Sivananda yoga classes in Brussels & online

Leg lift exercises

Single leg lifts improve the flexibility  of the hamstring and calf muscles, which in turn helps prepare for the stretching of the back muscles in the various forward bending asanas.
Double leg lifts provide abdominal strength, which is needed for many asanas, such as Sirshasana (HEADSTAND). Leg lifts are done after the Surya Namaskara.

After having done Surya Namaskara, do single left lifts, then double leg lifts. 

Step by step: single leg lifts

  1. Lie flat on your back with you legs together, feet are flexed, arms are by your sides, hands flat on the floor.
  2. You neck is nice & long, bring your chin slightly into your chest.
  3. Inhale and raise the right leg up to 90°, keep the left leg straight and on the floor.
  4. Exhale lower the right leg to the floor.
  5. Repeat with the left leg.
  6. Repeat both legs 5 to 10 times.

Keep your knees straight, your feet flexed, your tailbone on the floor (don’t lift the pelvis of the floor).

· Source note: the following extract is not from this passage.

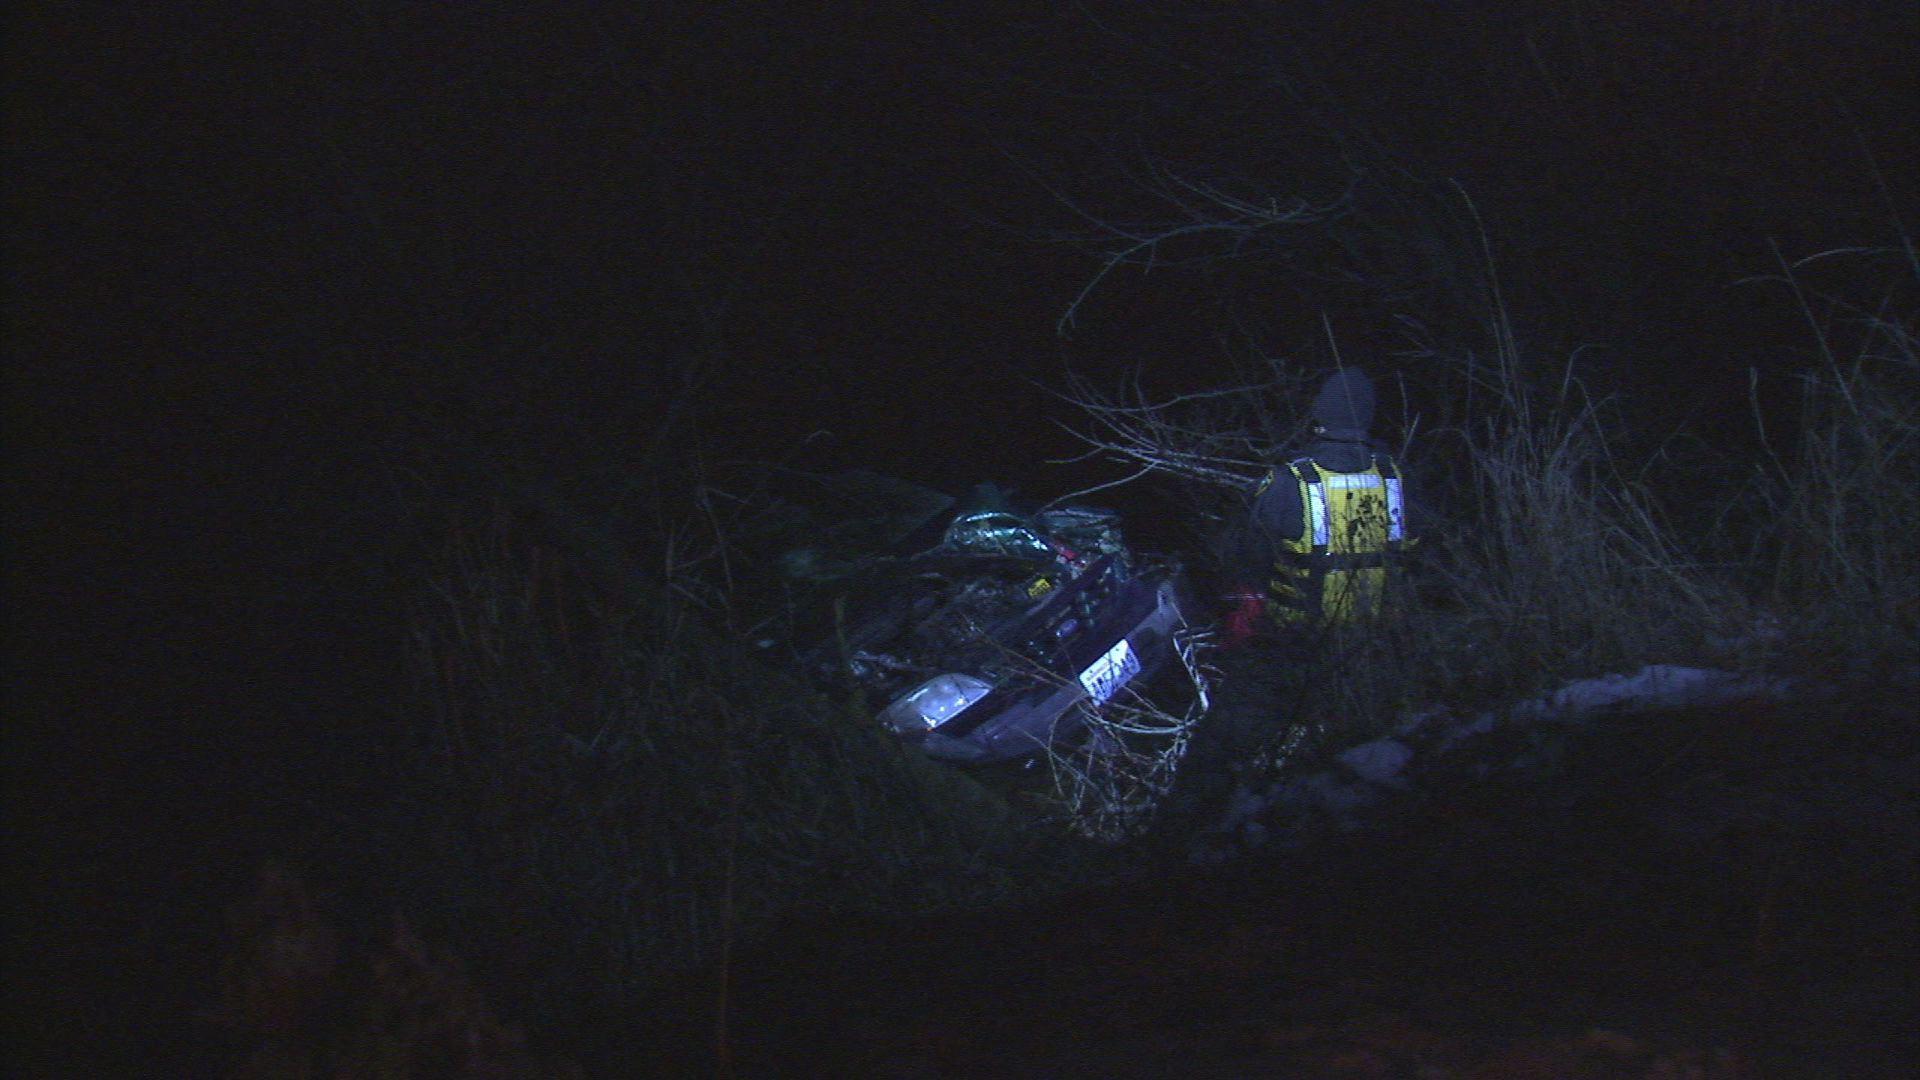 Car crashes into spokane river nbc right now kndo kndu tri cities

AmbikaYoga_50Step by step: double leg lifts

  1. Lie flat on your back with you legs together, feet are flexed, arms are by your sides, hands flat on the floor.
  2. You neck is nice & long, bring your chin slightly into your chest.
  3. Inhale and raise the both legs up to 90°.
  4. Exhale lower both legs to the floor..
  5. Repeat 5 to 10 times.

If you have lower back issues, bring your arms slightly under your body & your hands under your buttocks (palms facing the floor, keep the arms straight).

If you have strong abdominal muscles: you can bring your hands under the head, interlacing your fingers, keep your elbows on the floor.

After leg lifts, you relax for a couple of breaths in Savasana.

<<<=== Surya Namaskara (SUN SALUTATIONS)  ===>>> Continue with the Sirshasana (HEADSTAND)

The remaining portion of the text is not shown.